Today, scientists are developing drugs that affect the chromatin structure of nuclear DNA, and the DNA methylation status of genes. Epigenetic markers open new avenues for an early detection, diagnosis, prognosis, as well as therapeutic targets in cancers. The most significant advance in the field of epigenetic therapy is the FDA approved drug “decitabine,” a de-methylation drug that is now the standard of care in myelodysplastics syndrome, a precursor of acute myelogenous leukemia.

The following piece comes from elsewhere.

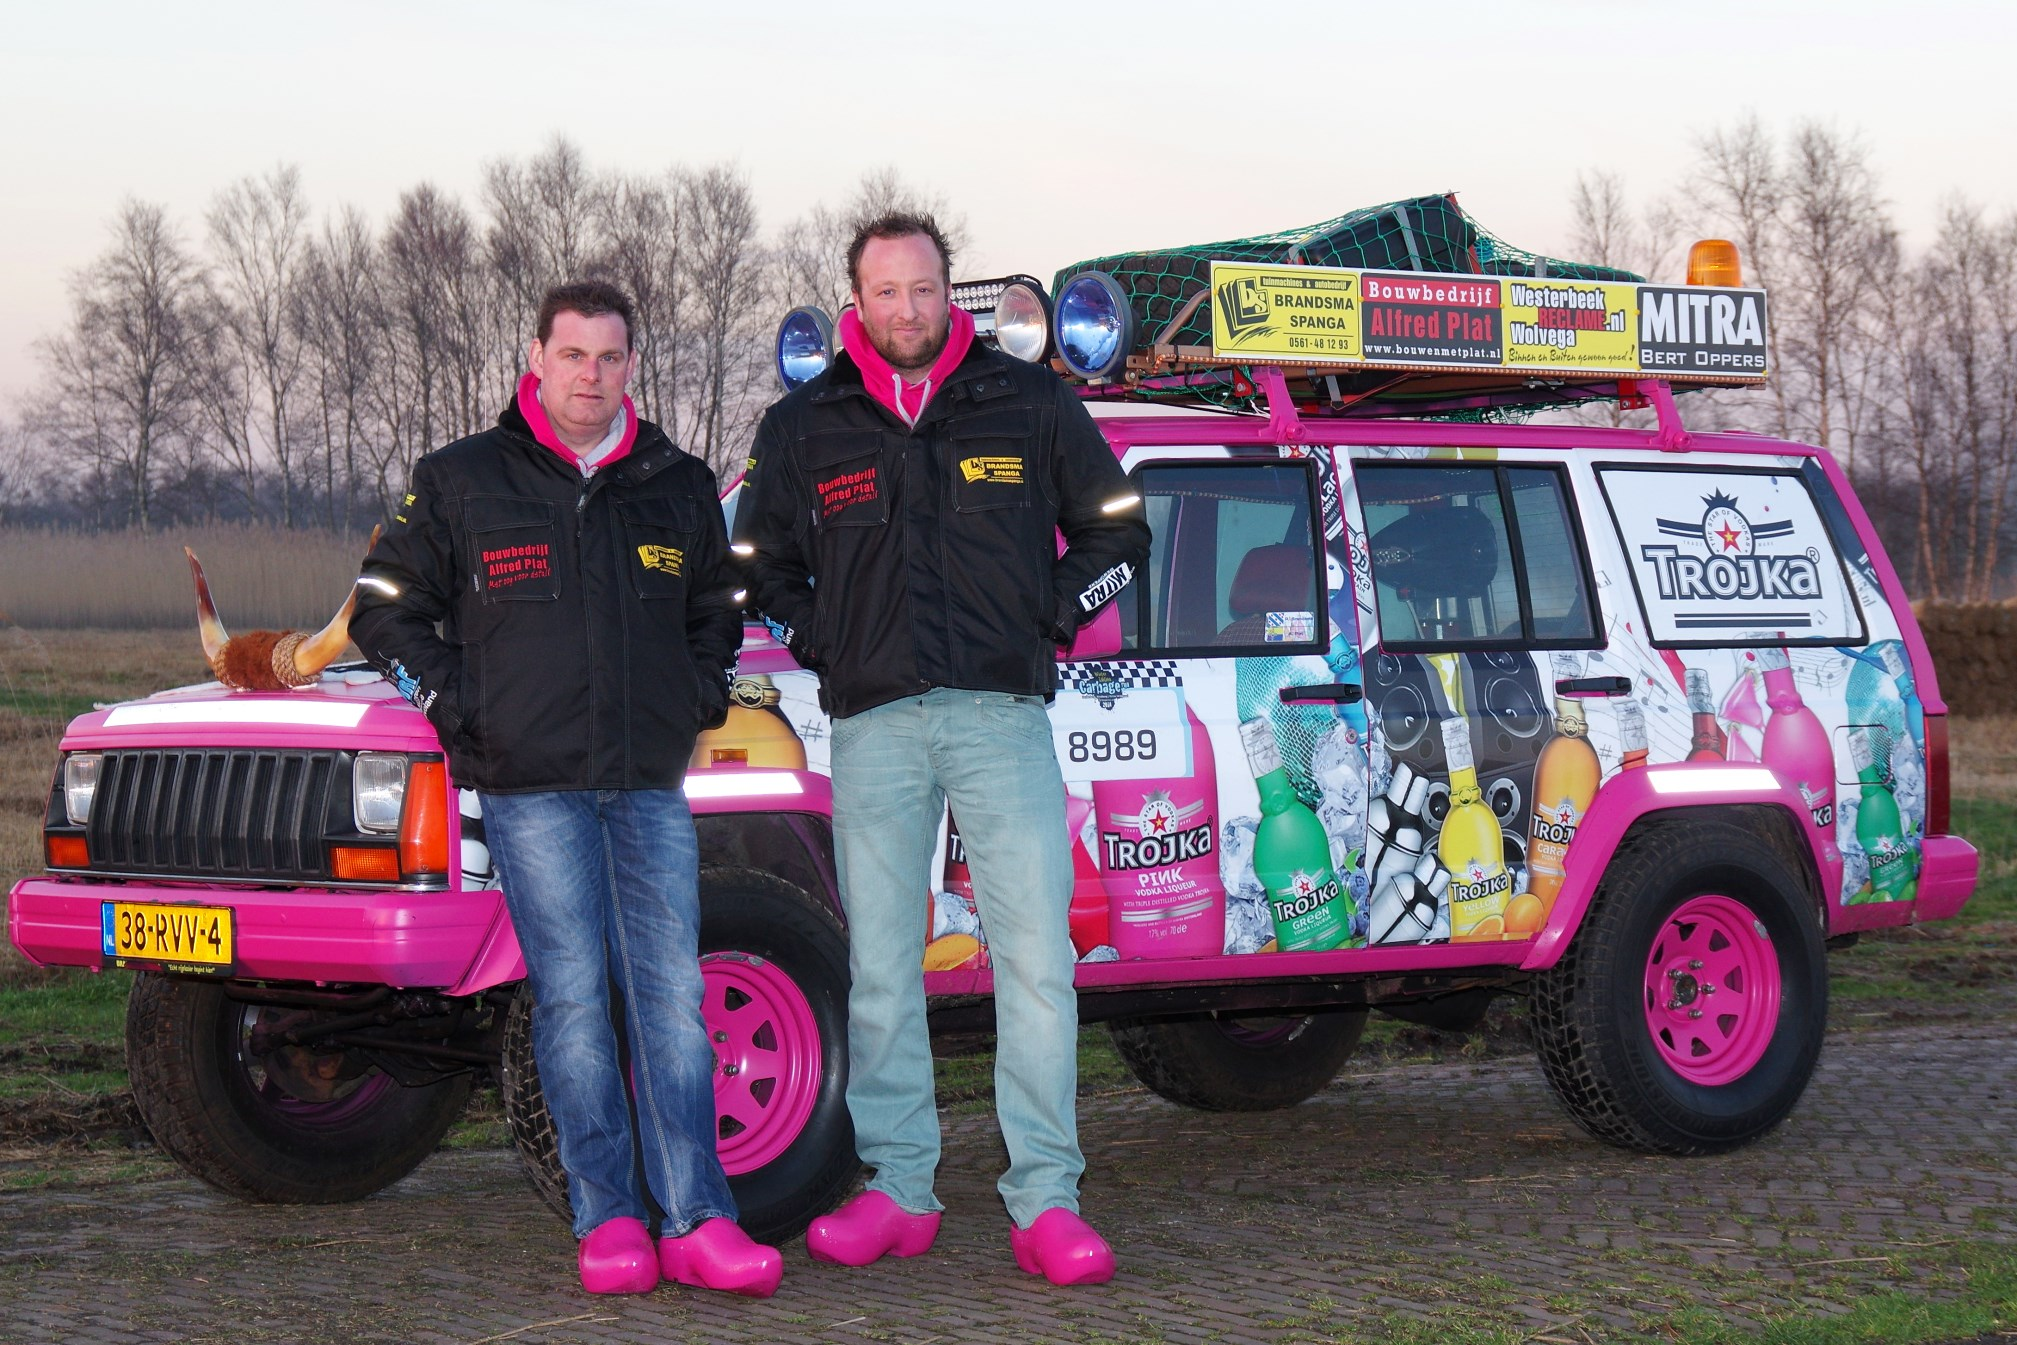 Trojka Pink barrel team door Europa Peter Brandsma

Sanford-Burnham and epigenetics
Sanford-Burnham maintains robust research initiatives to further our understanding of the mechanisms and regulation of epigenetics. A sample of our epigenetics research and their area of focus is provided below.

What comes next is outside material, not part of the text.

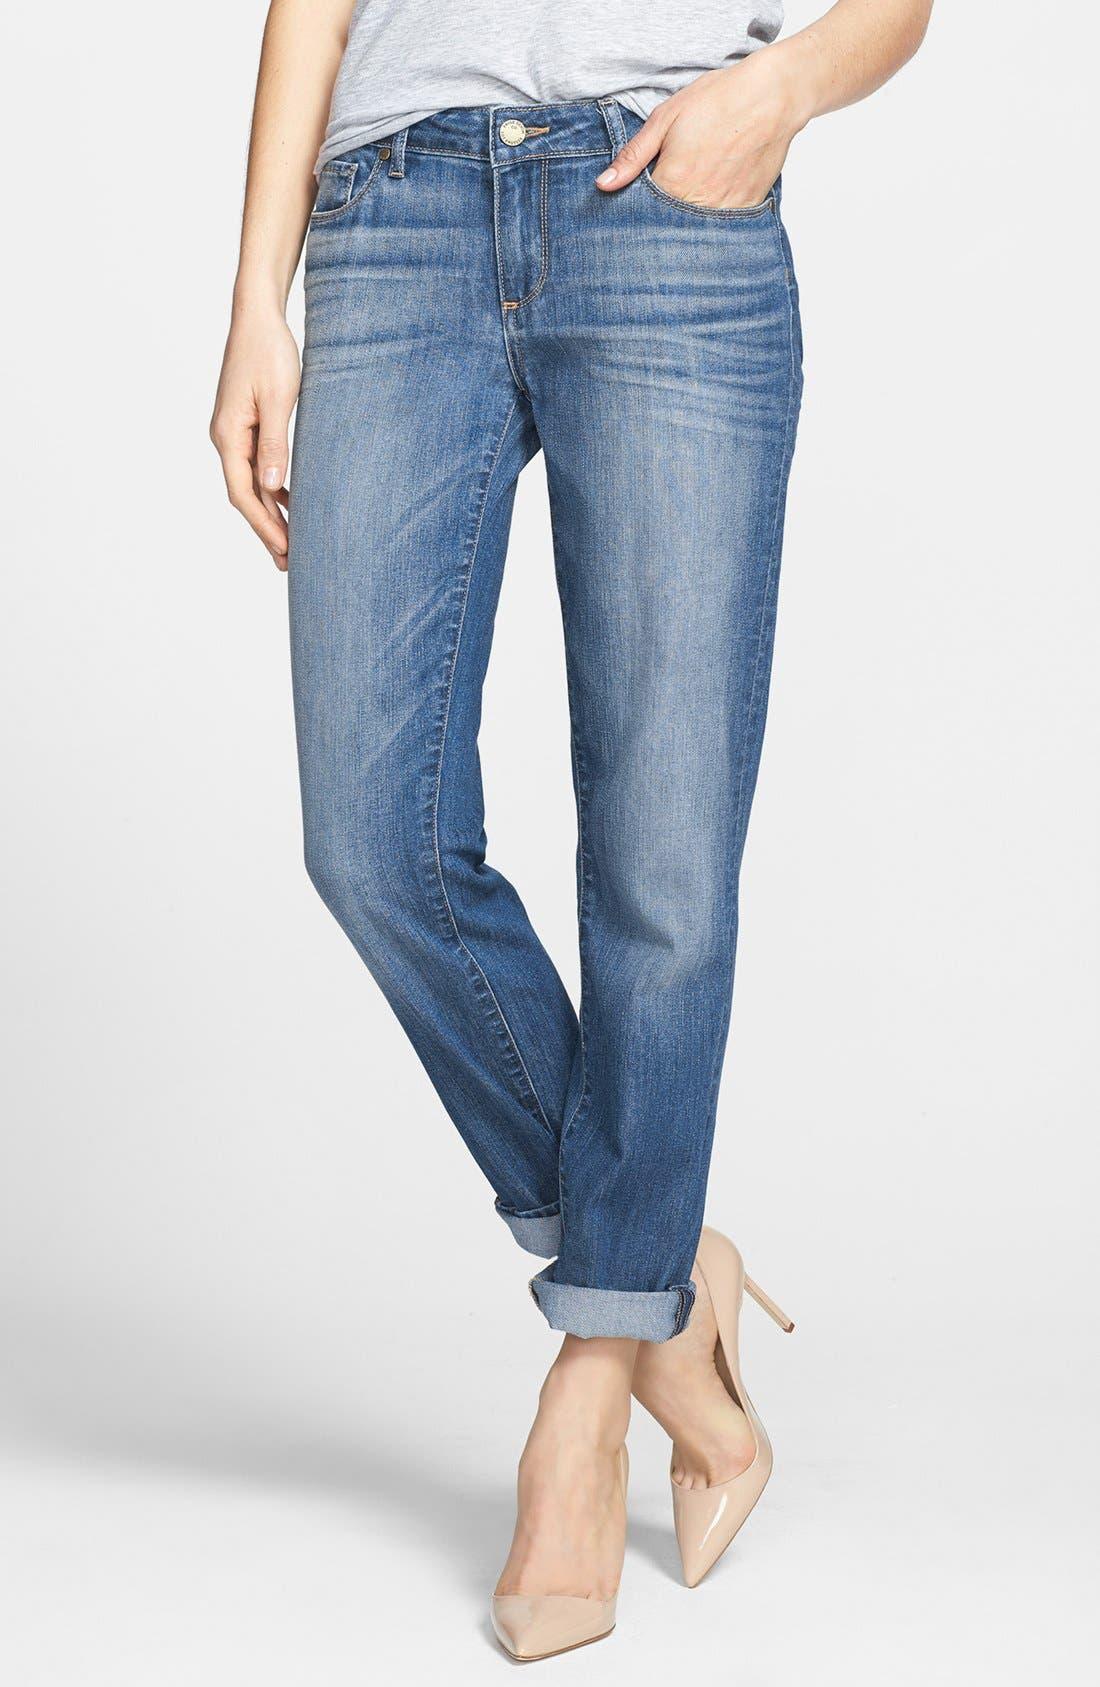 Alternate Image 1 Selected - Paige Denim 'Jimmy Jimmy' Skinny Boyfriend Jeans (Aero)

Pier Lorenzo Puri, M.D., Ph.D.
Puri investigates the molecular mechanisms underlying the reprogramming of the genome during cell-lineage commitment. His work includes efforts to discover drugs that promote muscle regeneration to repair diseased muscles such as those found in muscular dystrophy.
Ranjan Perera, Ph.D.
Perera investigates the molecular mechanisms by which non-coding RNA might affect melanoma and prostate cancer in humans. His genome-wide studies have found evidence of abnormal epigenetic processes that lead to abnormal gene expression, suggesting a need for novel therapeutics in these aggressive cancers.
Tariq Rana, Ph.D.
Rana’s laboratory develops and uses innovative approaches to understanding RNA regulation and development of disease. A key area of his research focuses on the epigenetic mechanisms and networks that regulate generation and differentiation of pluripotent stem cells.
Crystal Zhao, Ph.D.
Zhao’s research interest is in understanding the epigenetic regulation of gene expression by large noncoding RNAs in cancer and stem cells. Understanding epigenetic regulation may open windows to therapies that modulate disease-related epigenetic patterns to restore health.
Rui Zhou, Ph.D.
Zhou studies the molecular mechanism governing RNA interference (RNAi) and role of RNAi in anti-viral immunity. Factors associated with RNAi are involved with recruiting factors that modify chromatin—an epigenetic modification that commonly results in gene silencing.